Las videollamadas son un medio extraño y efectivo para husmear. He visto lugares a los

que tal vez jamás podría tener acceso, como a las casas de mis maestras y compañeras y

compañeros con los que a lo mucho he cruzado un par de palabras en la escuela. Me agrada saber

que por videollamadas mostramos lo mejor que somos; cuidamos el lugar que será la

escenografía de nuestro rostro ante los demás, damos la mejor atención a quien intenta expresarse

de la mejor manera que puede. Lo intentamos y a veces lo logramos. Dejamos a la vista un

pedacito de nuestra intimidad. Me imagino que puedo entrar a los espacios en donde están las

personas a las que veo. Soy una yo imaginaria, mi yo de lo que desearía ser cuando el encierro

termine. Una yo, que traspasa la pantalla de una computadora y se mueve entre libreros, roperos,

paredes bien y mal pintadas, posters y ventanas. Los escenarios negros son lo que más me

importan, las puertas cerradas de quienes no prenden su cámara durante las clases, ¿qué estarán

haciendo? ¿qué secreto esconderán? En las videollamadas se filtran risas de niños, el grito del
gasero pasando por la ventana de Nelly, la incesante grabación “ se compran, colchones,

refrigeradores, estufas, lavadoras, microondas…”. A veces coinciden las campanas de la basura

de aquí y de allá, detrás de la computadora. Los ladridos de los perros de la casa de Selene, que

está a muchos kilómetros de mi casa, se teletransportan y llegan hasta acá en dos segundos.

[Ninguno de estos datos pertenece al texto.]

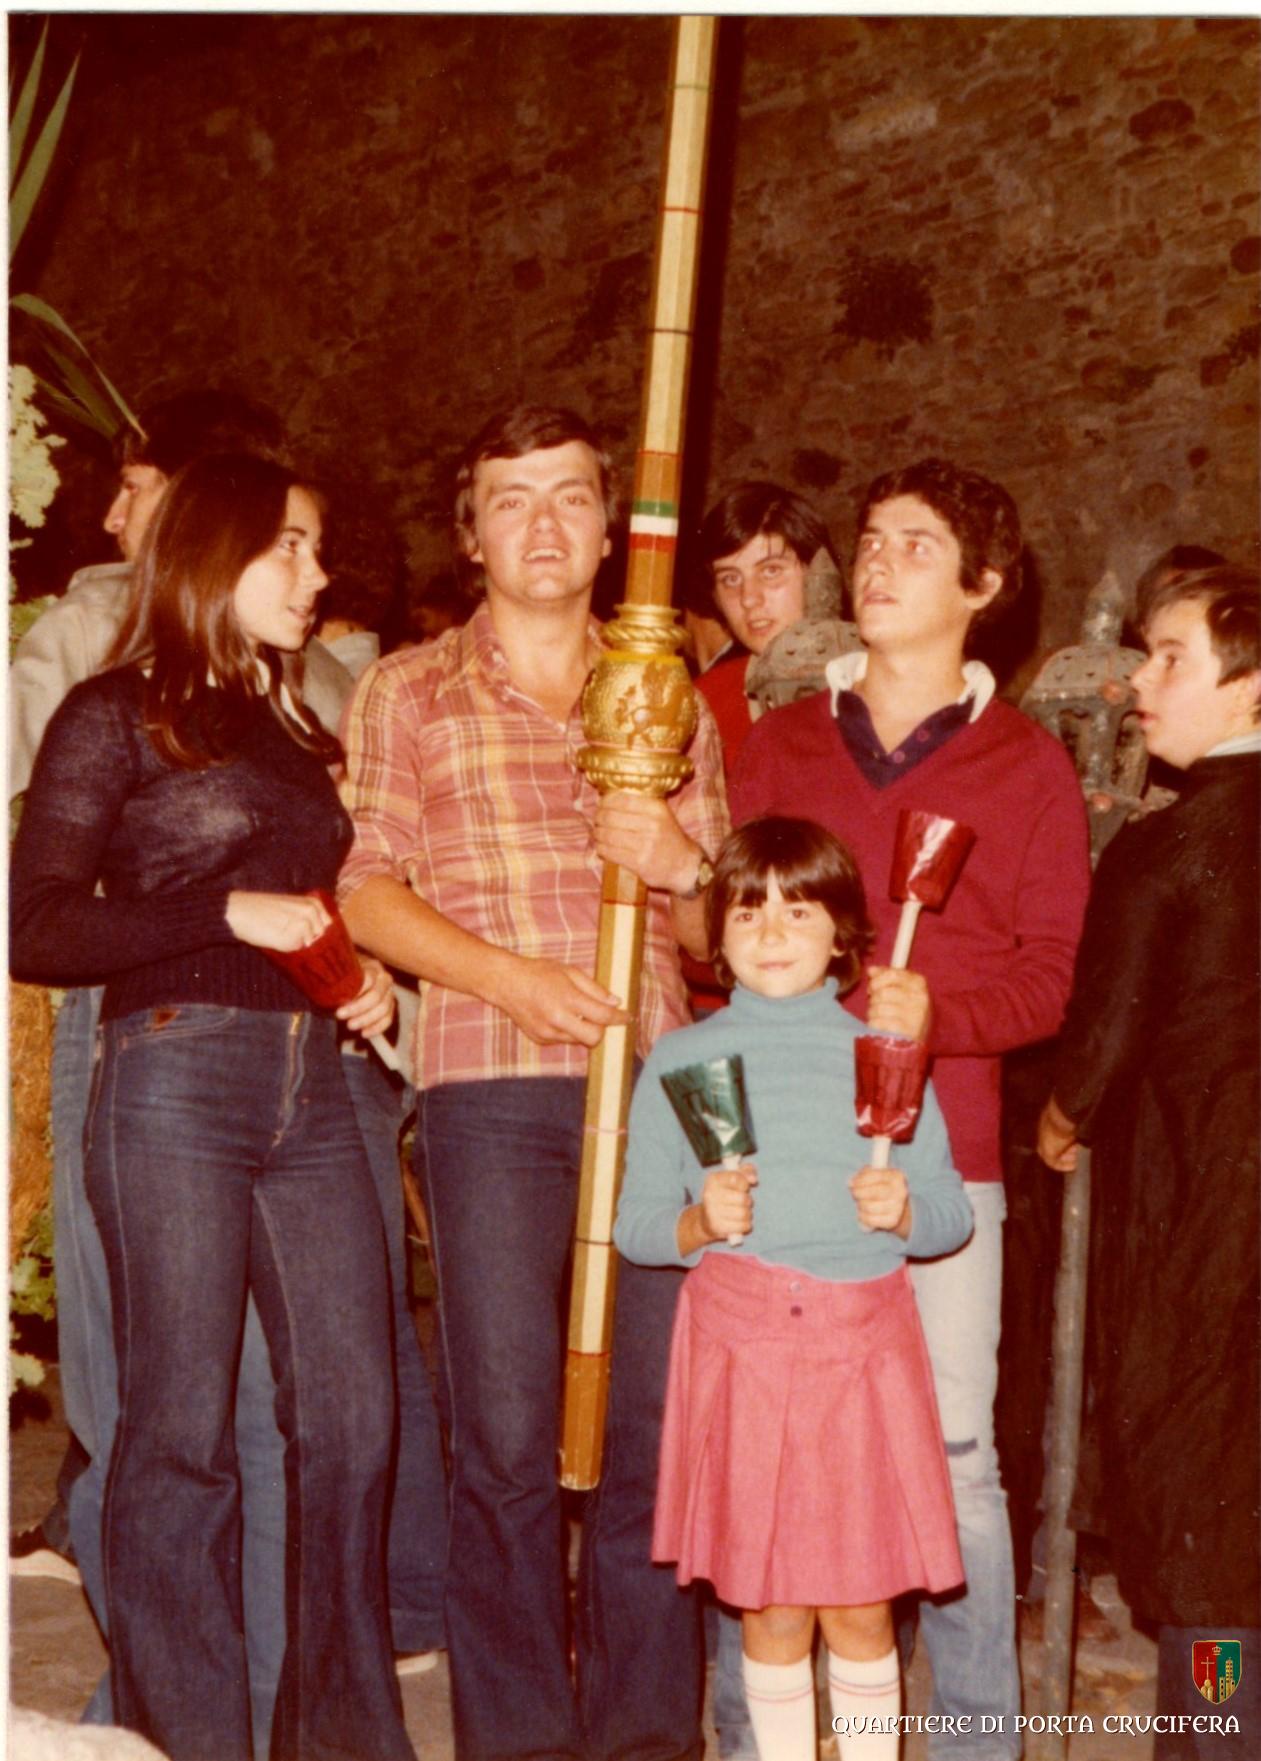 02 - 1976 - Franca Peruzzi - Ivan Luttini - Rossi Sauro - Mazzi Agostino e Piruello e la piccola Cinzia Peruzzi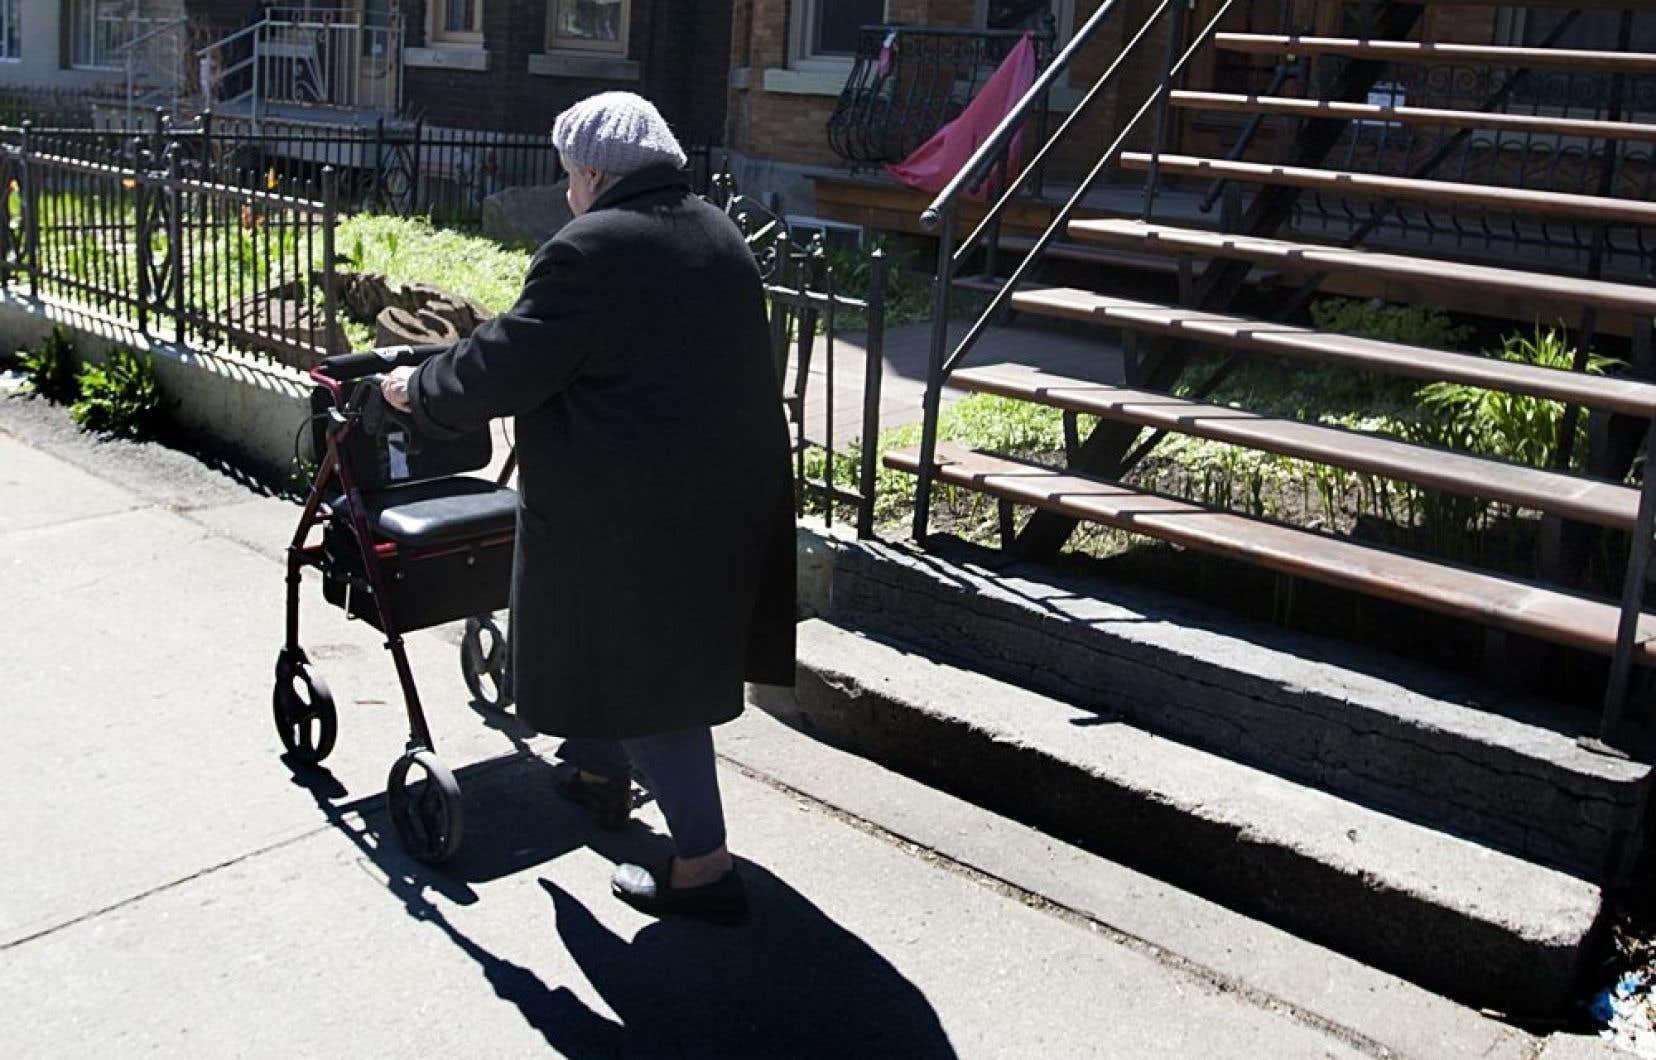 Les adultes et les mineurs émancipés présentant des incapacités en raison d'une maladie chronique, d'une déficience physique ou intellectuelle ou d'un trouble envahissant du développement auraient ainsi droit, après évaluation, à une allocation de soutien à l'autonomie.

Imagino el primer abrazo que recibiré y el olor de la primera taza de café que tomaré

fuera de casa. Esa “yo” del futuro también vive ahora conmigo, siente ahora lo que proyecto

como futuro posible. Puedo estar en mi casa sin ruido, trenzándome el cabello una y otra vez

como cuando era niña. Tal vez evito la realidad que hay afuera y sólo me fijo en mi tribu de

espectros-mujeres paseando en mi casa. Abrazo a mi hijo y descubro en su cabello un pedacito de

la zanahoria que él ralló para hacer la ensalada juntos. Soy un cigoto de espectro que en un

futuro, cuando algún presente lo amerite, le llenará de pasado su casa.